September 23rd 2013 marks the general compliance enforcement date for the Final Rule of the Omnibus Health Insurance Portability and Accountability Act of 1996 “(HIPAA”). The Final Rule published early this year clarifies and implements changes enacted by the Health Information Technology for Economic and Clinical Health (HITECH) Act and finalizes HIPPA’s privacy, security and enforcement rules. The Final Rule also makes changes to the definition of business associate, breach notification requirements and restricts the use of genetic information for underwriting purposes. While the majority of the Final Rule addresses providers of healthcare, some of the provisions of the law may require employer-sponsored health plans to make conforming changes to existing HIPAA policies and documents. Employers should examine current HIPAA compliance practices and determine if changes are needed to comply with the final rules. This Legislative Update addresses how the Final Rule may impact employer-sponsored group health plans subject to the HIPAA privacy, security and HITECH rules.
HIPAA General Background
HIPAA is a massive law and the privacy, security and HITECH rules fall under HIPAA’s administrative simplification legislation. Specifically, the privacy and security rules determine how certain health information is used, maintained, disclosed and transmitted. HIPAA is not a blanket privacy law covering all privacy situations; the HIPAA privacy and security rules apply exclusively to “covered entities,” a term defined under the law that includes health plans, healthcare clearinghouses (organizations that process health information) and healthcare providers. A health plan under the HIPAA rules is any plan that provides or pays the cost of medical care, which includes major medical plans, prescription drug, vision, dental, health flexible spending accounts, health reimbursement accounts, certain employee assistance programs and long-term care plans that offer medical benefits.
HIPAA HITECH rules place many HIPAA compliance responsibility directly on business associates.
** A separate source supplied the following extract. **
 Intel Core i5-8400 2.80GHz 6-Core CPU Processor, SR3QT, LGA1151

A business associate is any entity that performs a service for the covered entity and has access to “protected health information” (PHI). The privacy and security rules place restrictions on how covered entities and business associates can use and disclose PHI in any form. Any individually identifiable health information used, held or transmitted by a covered entity is PHI. Group health plans and business associates with access to PHI must protect and safeguard this information as prescribed under the HIPAA rules.
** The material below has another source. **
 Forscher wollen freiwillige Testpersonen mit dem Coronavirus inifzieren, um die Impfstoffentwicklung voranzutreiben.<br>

How Do the HIPAA Privacy and Security Rules Apply to Employers?
Employers sponsoring group health plans are responsible for their plan’s HIPAA compliance. An employer’s administrative practices and funding arrangement (self-insured or fully-insured) heavily influences the level of a plan sponsor’s HIPAA compliance obligations. Employers with fully- insured health plans and no access to PHI have limited HIPAA compliance obligations and in these cases, many HIPAA responsibilities rest with the insurer. It’s important to note that just having a fully-insured health plan does not remove a health plan sponsor (employer) from HIPAA compliance obligations and employers must truly take a “hands-off” PHI approach to limit HIPAA compliance obligations. Employers who self-insure any portion of their health plan, even if the employer uses a third party administrator, are required to comply with the relevant HIPAA obligations. Employers are encouraged to thoroughly understand their access, use, maintenance, and disclosure of PHI to correctly understand and comply with HIPAA rules. If the employer has any access to any PHI in connection with their group health plan administration, the employer must take measures to comply with the applicable HIPAA privacy and security rules. Primary HIPAA obligations that plan sponsors with access to PHI through health plan administration must adhere to include:
Assigning a privacy/security official to enforce and oversee HIPAA obligations.
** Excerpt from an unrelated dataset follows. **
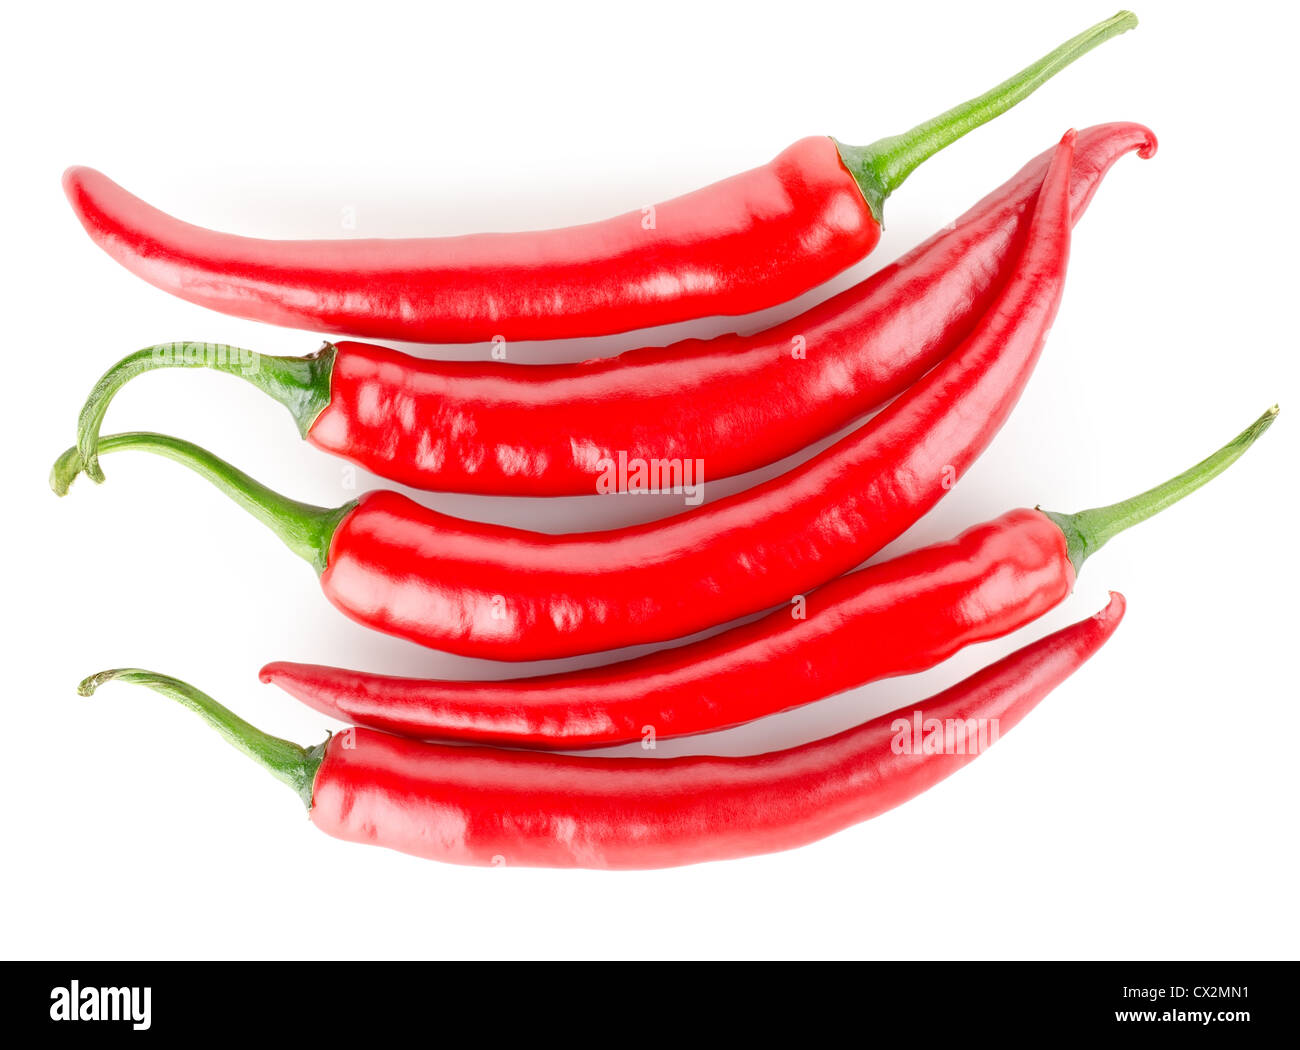 Hot Chili Peppers isolato su uno sfondo bianco Foto Stock

Designating specific employees to have access to PHI and restricting access of PHI only to those individuals.
Training affected employees on permitted usage of PHI and requiring employees to use PHI as permitted under the HIPAA rules.
If electronic PHI is used, maintained, or disclosed, implementing the proper safeguards to protect the integrity of the information.
Issuing Privacy Notices, as required, to plan participants at the appropriate intervals.
Notifying plan participants of breaches when required.
Determining all business associates and having HIPAA-compliant Business Associate Agreements (BAAs) for all business associates.
Establishing policies and procedures for designated employees who use PHI for plan administration purposes and for individuals who exercise their rights under the HIPAA rules.
Amending other plan documents as needed.
Changes in the Final Rule Likely to Impact Employer-Sponsored Health Plans
In addition to the above requirements, plan sponsors with access to PHI through health plan administration must incorporate the Final Rule in HIPAA compliance initiatives. The final HIPAA guidance includes many important changes that will likely impact employer-sponsored health plans and their HIPAA administrative practices. Key areas of the rules that will likely impact employer sponsored health plans include:
Changes to the Privacy Notice: Group health plans with access to PHI should determine if they are required to update their plan’s Privacy Notice. In addition to the existing Privacy Notice content requirements, the latest guidance requires that Privacy Notices are updated to reflect:
Updates to the “Uses and Disclosures” statements as needed – Every Privacy Notice is required to tell participants through the Notice how the plan will use and disclose PHI. According to the Final Rule, Notices must inform individuals that the use of most psychotherapy notes and the use of selling and marketing PHI (that is not done for healthcare operations) will require the individual’s authorization.
Breach Notification – Individuals must be informed of their right to received a notice when there has been a breach of his or her unsecured PHI.
No genetic information used for underwriting – The Generic Information Nondiscrimination Act (GINA) prohibits the use of genetic information in many situations. If a health plan uses or discloses PHI for underwriting purposes, the Privacy Notice must contain a statement that the plan will not use genetic information for underwriting purposes.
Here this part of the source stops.